Property speculation has long been a problem in Chinese housing markets. Now Chinese investors are also trending towards buying property overseas. From Reuters:

Stifled by a clampdown on property speculation at home, cash-rich Chinese are buying up homes in Australia, the United States, Britain and Canada instead, countries popular with Chinese students studying abroad.

“Australia allows higher leverage and its legal system is better,” said Sun, who plans on migrating to Australia to live in one of her newly-bought homes and rent out the other two.

Property developers are courting the international rise of the wealthy Chinese home buyer with ardour, marketing their projects in Shanghai and Beijing.

But while Chinese buyers, or any buyers for that matter, may be welcome in severely depressed property markets such as those in the United States, the UK or parts of Europe, the inflows of Chinese money are causing headaches for economies elsewhere which are growing at a much faster clip.

Singapore and Hong Kong, for example, have found it tough to keep a lid on surging home prices amid strong demand from Chinese nationals, despite government efforts to cool the market and stave off destabilising asset bubbles.

This phenomenon seems driven by interest as much as monetary policy. With an appreciating yuan, property abroad is now affordable.

Now, the drop in housing prices and a steady renminbi have created an opportunity for wealthy Chinese to invest in real estate abroad, said Rupert Hoogewerf, CEO of the Hurun Report, a web portal that provides information on China’s wealthy.

“What used to cost US$1 million now costs US$800,000,” he said.

Hoogewerf estimates China is home to more than 50,000 people with a net worth of over US$10 million, and more than 800,000 with a net worth of US$1 million. But Chinese law restricts individuals from taking more than US$50,000 out of the country in one year.

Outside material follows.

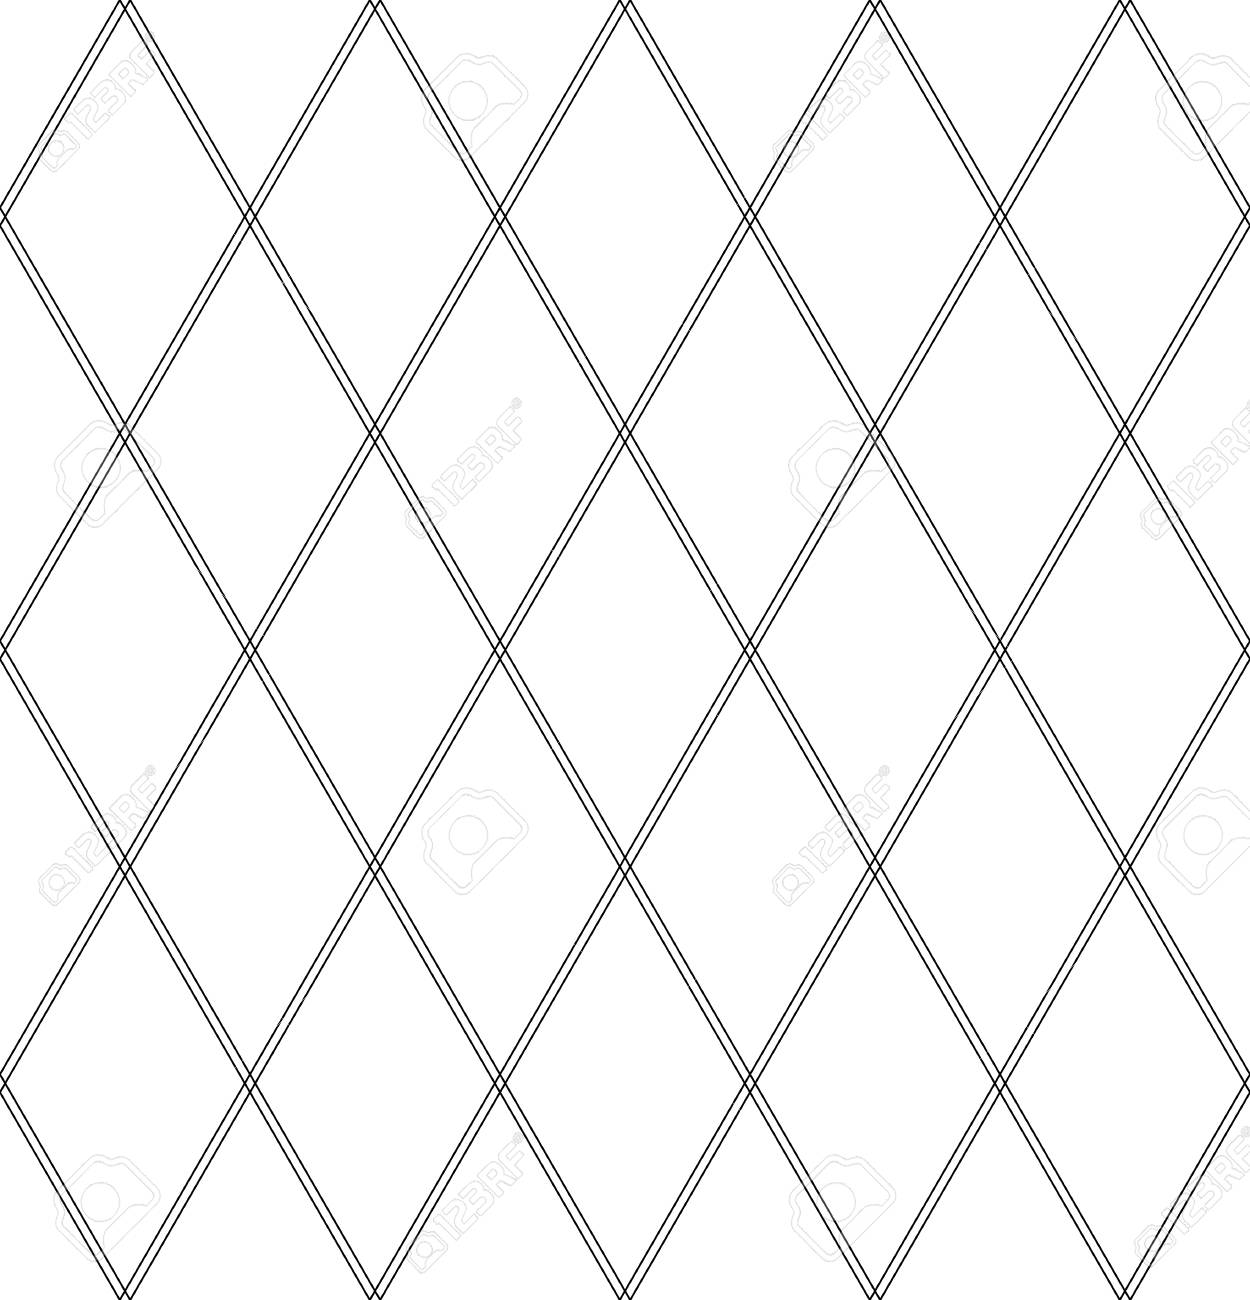 Seamless diamonds pattern  Geometric lattice texture  Vector

According to Hoogewerf, the restrictions mean buyers are predominantly traders, or those with businesses that export overseas. These people have stockpiles of US dollars and the savvy to navigate real estate overseas.

Investing abroad generally means a combination of increased opportunity and a perceived increase in risk at home, said Michael Pettis, a professor of international finance at Tsinghua University. Last year, China saw a large influx of hot money and a record trade surplus of US$290 billion. Although much of this cash is now moving in the opposite direction, the flow is not as strong as that which brought it in. This leaves experts to infer possibilities from other trends.

While it’s still too early to tell whether these prospective US homeowners herald a shift in Chinese spending and investing habits, it is worth monitoring the movements of small business owners, said Pettis.

“They’re the ones that have the best sense of what’s going on at the ground level,” he said. “It’s good to watch what they are doing.”